The hardware and bandwidth for this mirror is donated by dogado GmbH, the Webhosting and Full Service-Cloud Provider. Check out our Wordpress Tutorial.
If you wish to report a bug, or if you are interested in having us mirror your free-software or open-source project, please feel free to contact us at mirror[@]dogado.de.

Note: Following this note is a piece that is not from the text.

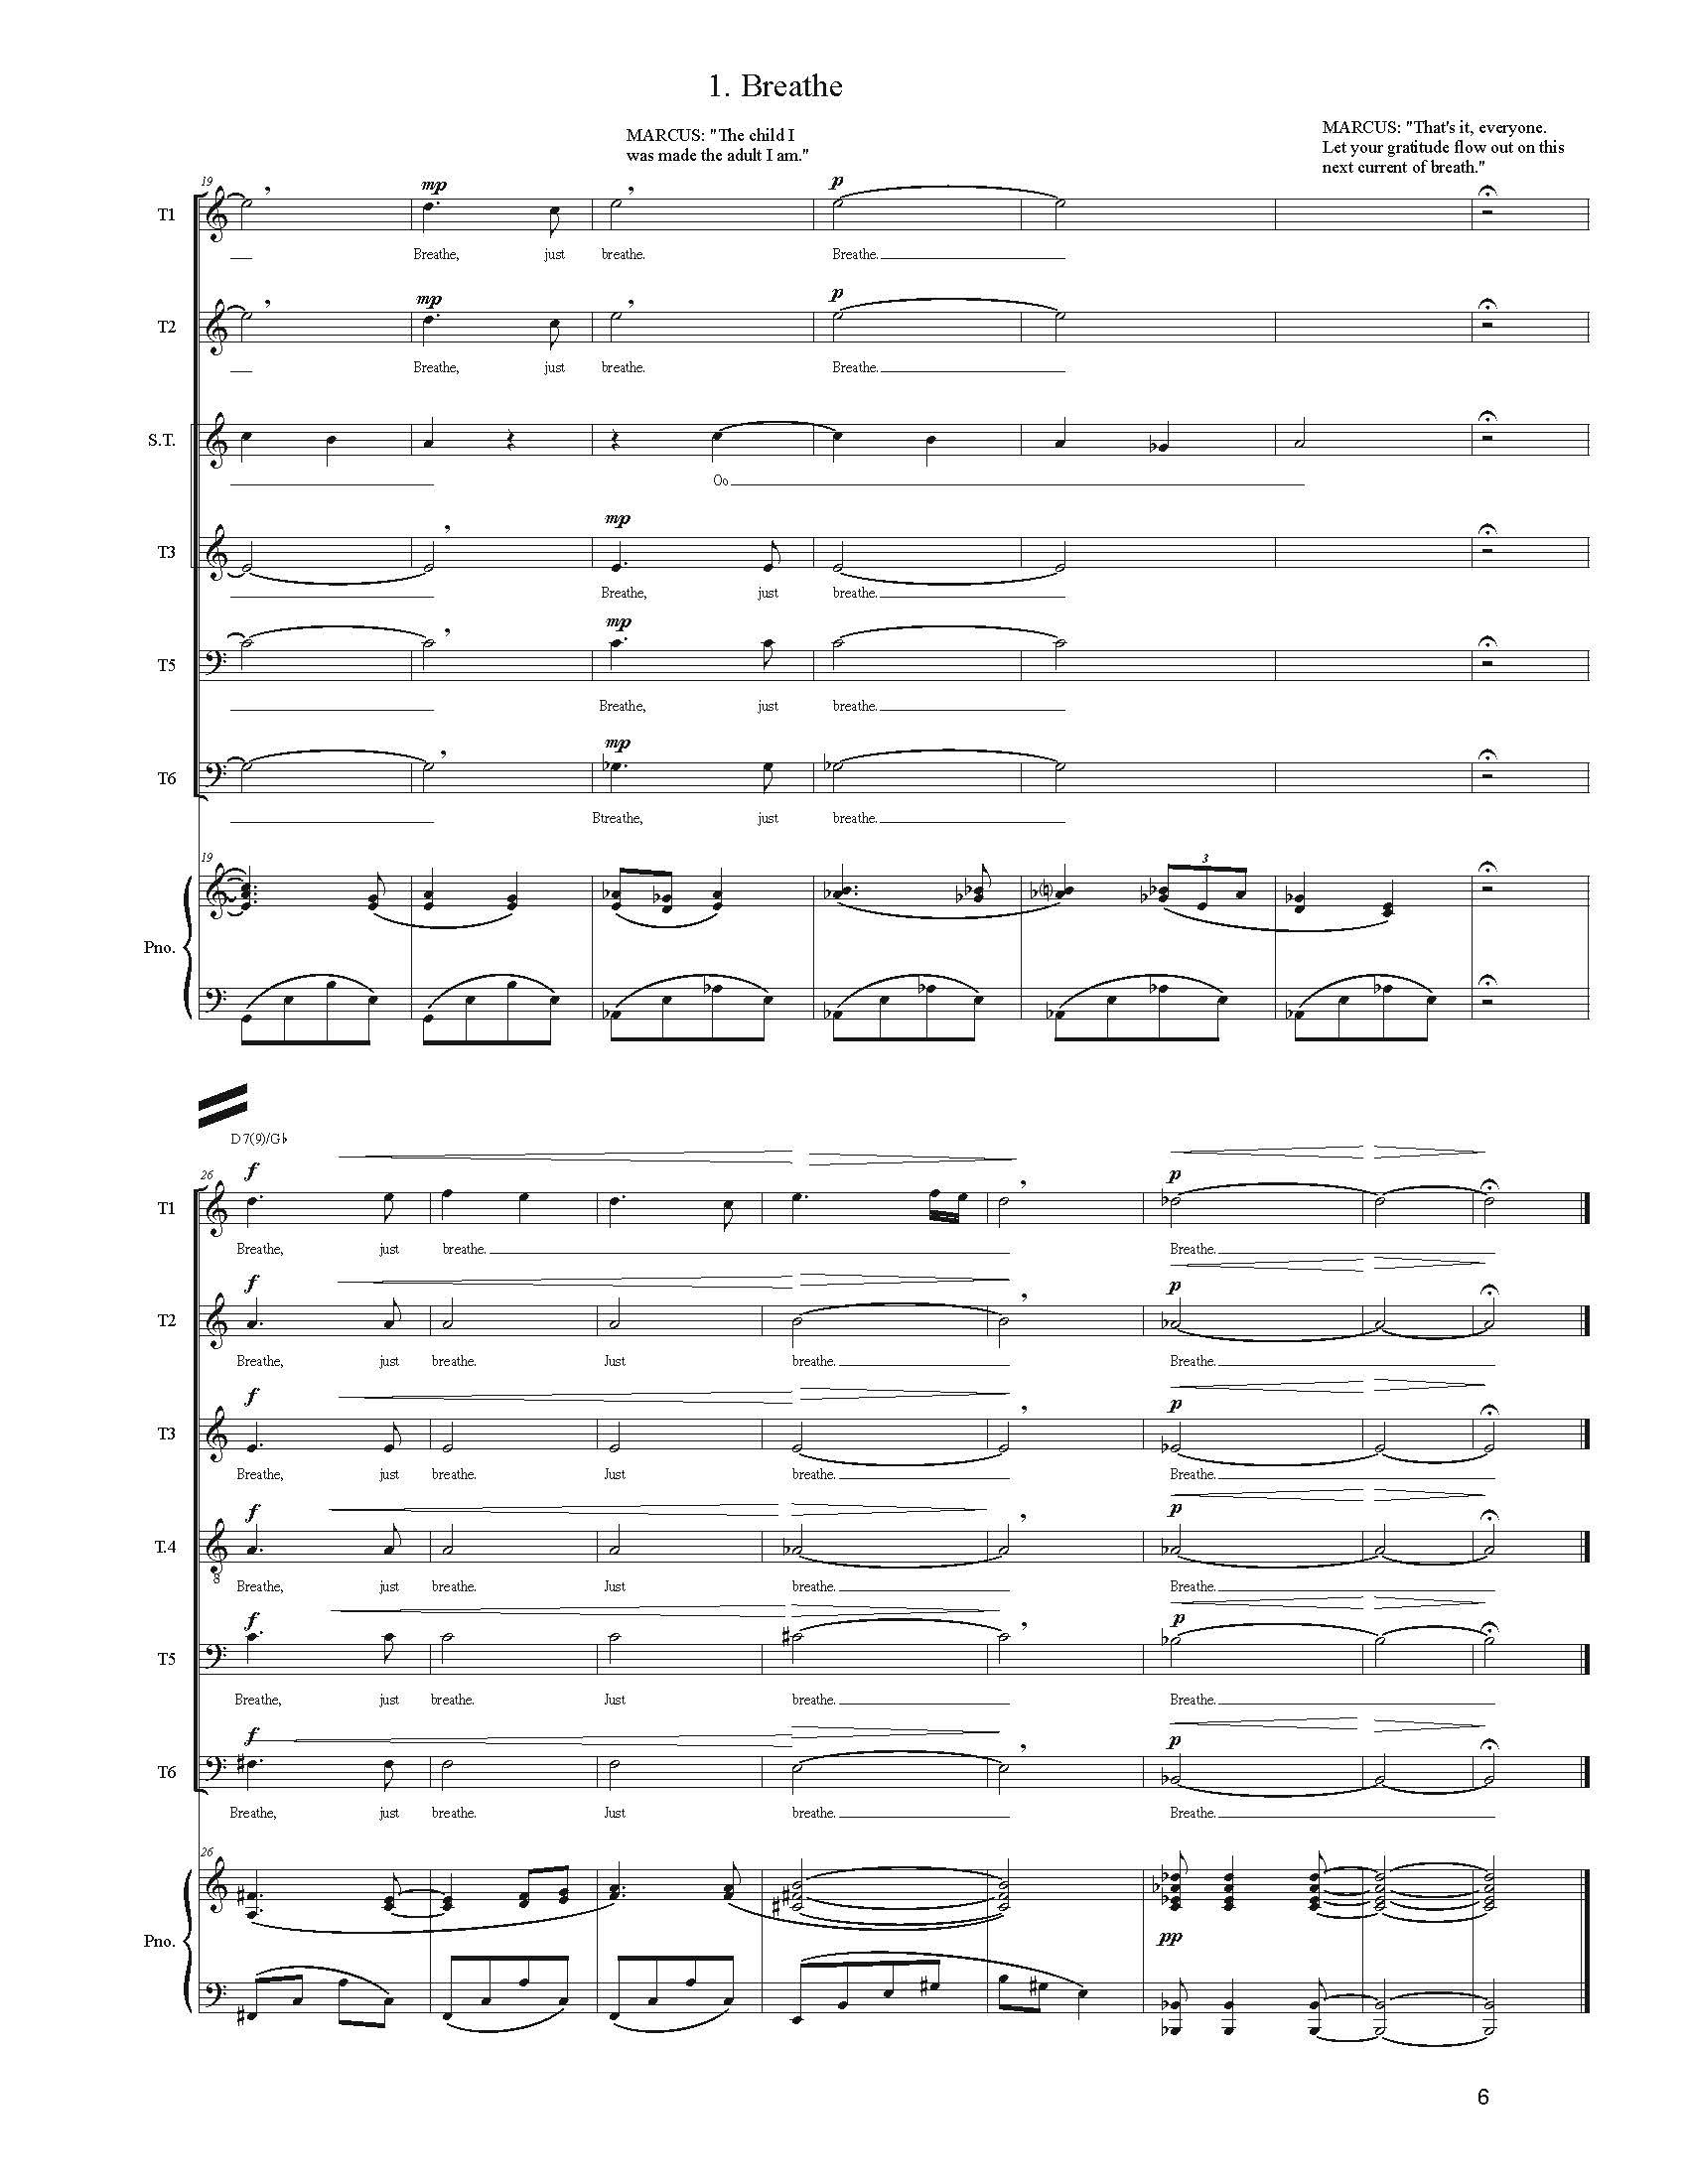 FULL PIANO VOCAL SCORE DRAFT 1 - Score_Page_006.jpg
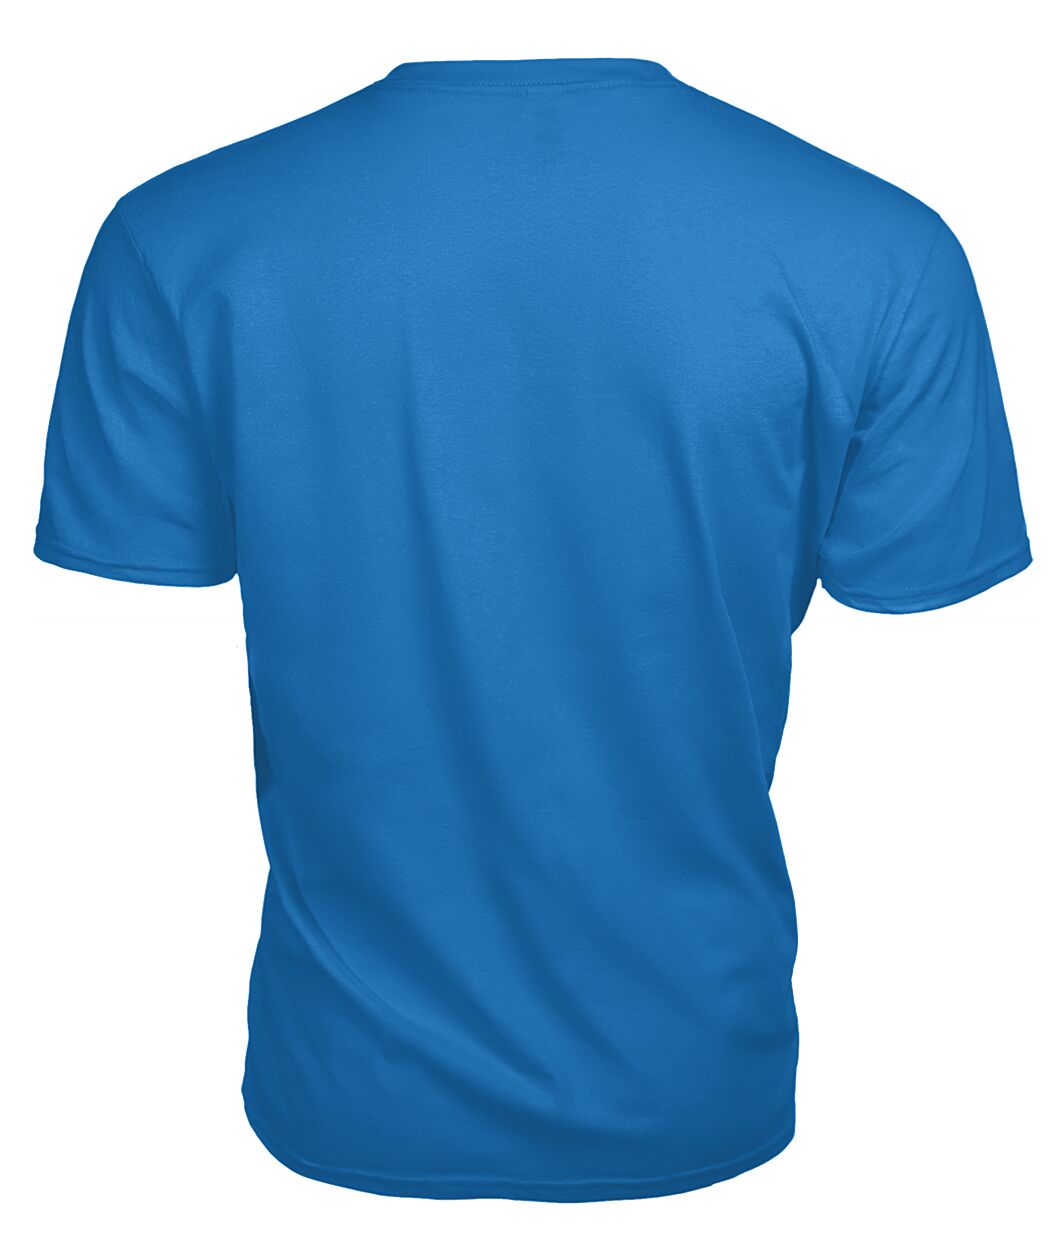 Sandilands Family Tartan - 2D T-shirt

Getting Started with compositional.mle

Alexander Towell

2026-02-05

Introduction

The compositional.mle package provides composable optimization strategies for maximum likelihood estimation (MLE). Following SICP principles, it offers:

  1. Primitive solvers - gradient_ascent(), newton_raphson(), bfgs(), nelder_mead(), etc.
  2. Composition operators - %>>% (sequential), %|% (race), with_restarts()
  3. Closure property - Combining solvers yields a solver

Installation

devtools::install_github("queelius/compositional.mle")
library(compositional.mle)

Quick Start: Normal Distribution MLE

# Generate sample data
set.seed(123)
data <- rnorm(100, mean = 5, sd = 2)

# Define the problem (separate from solver strategy)
problem <- mle_problem(
  loglike = function(theta) {
    if (theta[2] <= 0) return(-Inf)
    sum(dnorm(data, theta[1], theta[2], log = TRUE))
  },
  score = function(theta) {
    mu <- theta[1]; sigma <- theta[2]; n <- length(data)
    c(sum(data - mu) / sigma^2,
      -n / sigma + sum((data - mu)^2) / sigma^3)
  },
  constraint = mle_constraint(
    support = function(theta) theta[2] > 0,
    project = function(theta) c(theta[1], max(theta[2], 1e-6))
  ),
  theta_names = c("mu", "sigma")
)

# Solve with gradient ascent
result <- gradient_ascent()(problem, theta0 = c(0, 1))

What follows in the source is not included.